## Recorded information
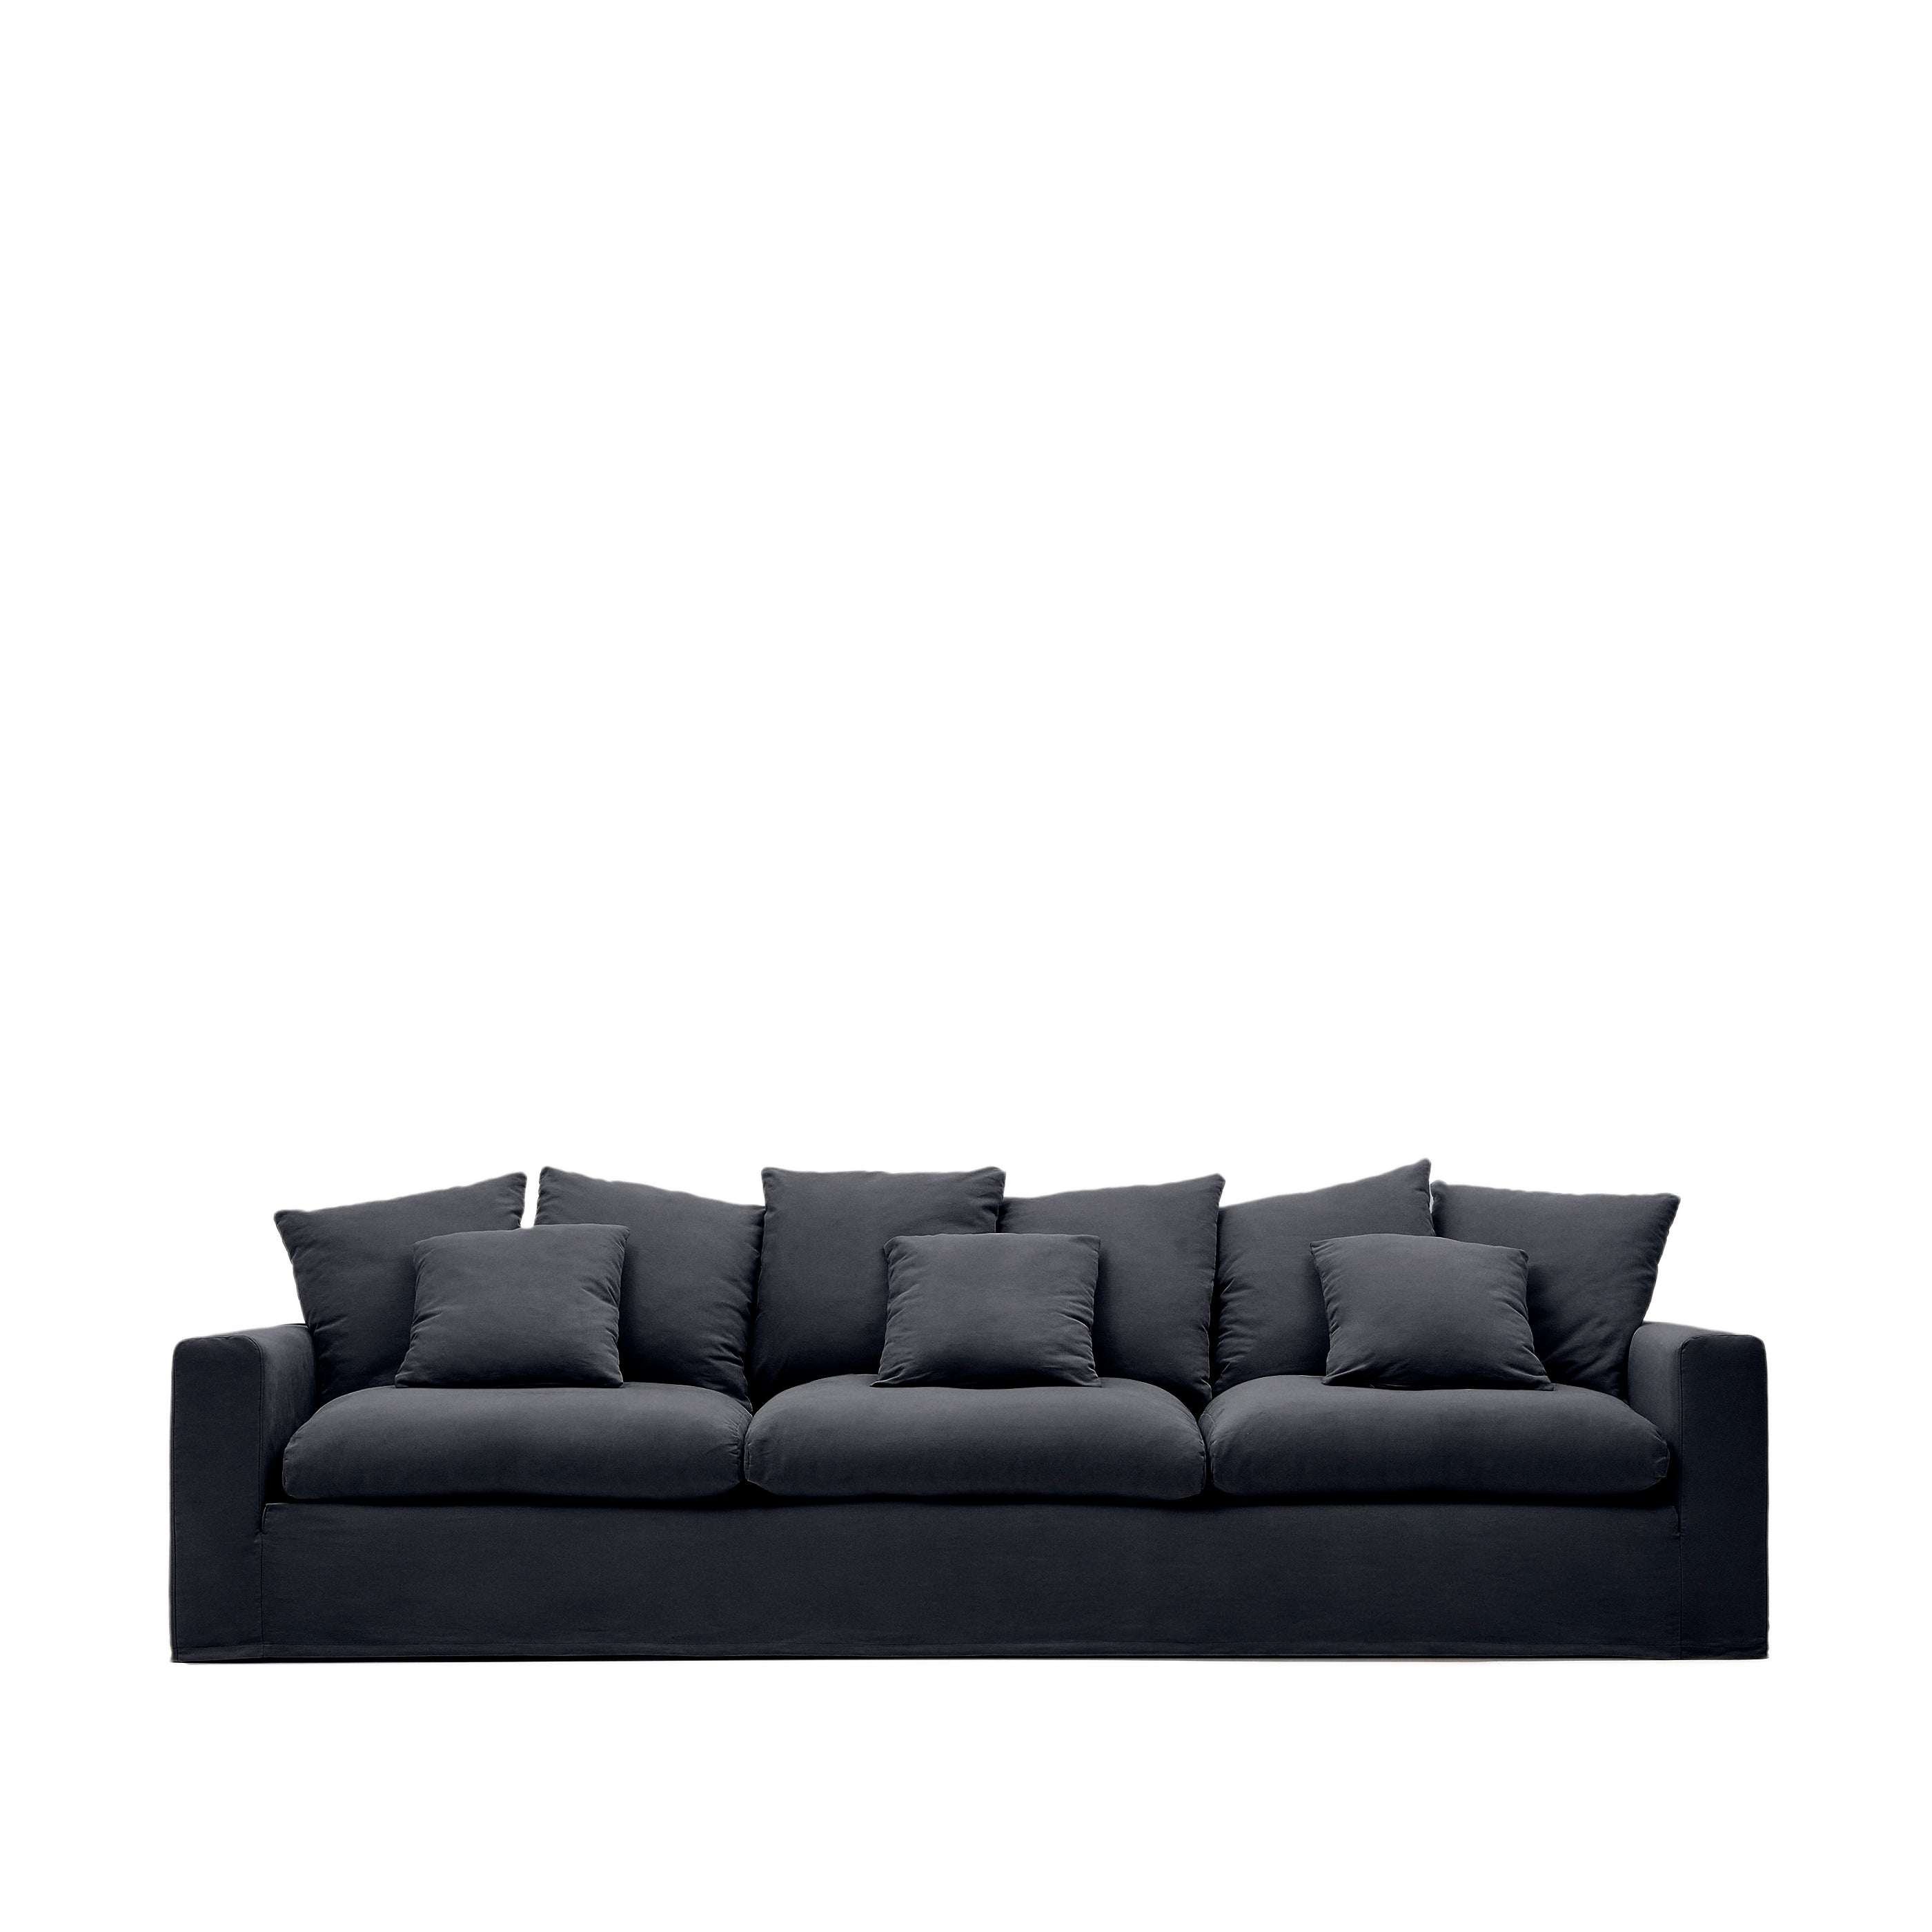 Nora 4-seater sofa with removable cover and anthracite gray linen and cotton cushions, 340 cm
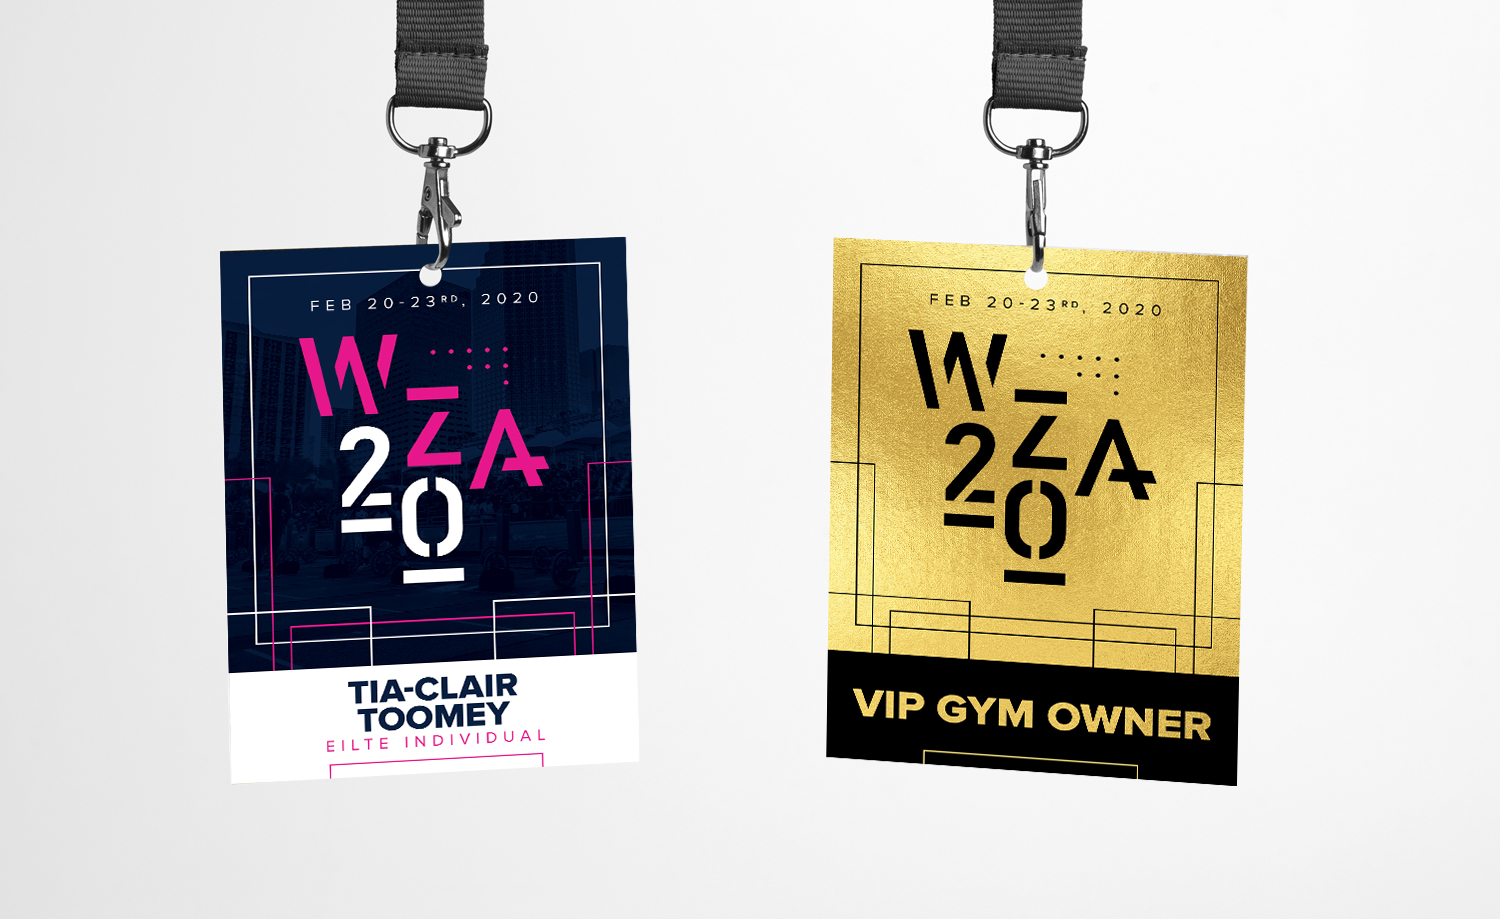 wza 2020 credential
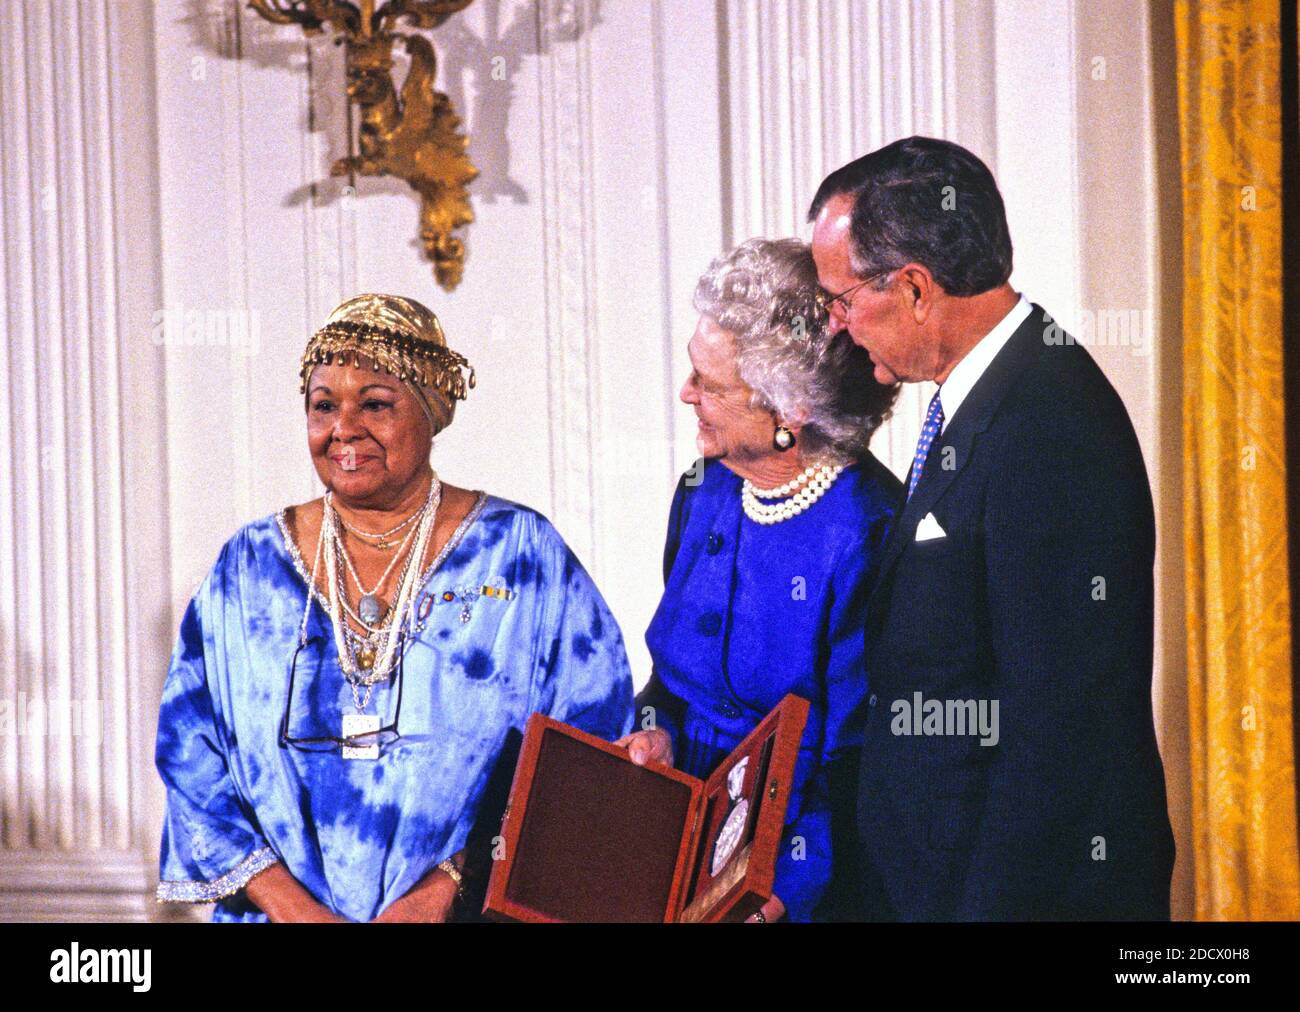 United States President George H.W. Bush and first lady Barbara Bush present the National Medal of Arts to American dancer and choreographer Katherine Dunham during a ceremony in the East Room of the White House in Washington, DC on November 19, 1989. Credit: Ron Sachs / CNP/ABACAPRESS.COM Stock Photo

## Exercise objective
Only the text of the listing should be returned, exactly and in full; no image goes into the copy.

## Response
 Nora 4-seater sofa with removable cover and anthracite gray linen and cotton cushions, 340 cm
 wza 2020 credential
 United States President George H.W. Bush and first lady Barbara Bush present the National Medal of Arts to American dancer and choreographer Katherine Dunham during a ceremony in the East Room of the White House in Washington, DC on November 19, 1989. Credit: Ron Sachs / CNP/ABACAPRESS.COM Stock Photo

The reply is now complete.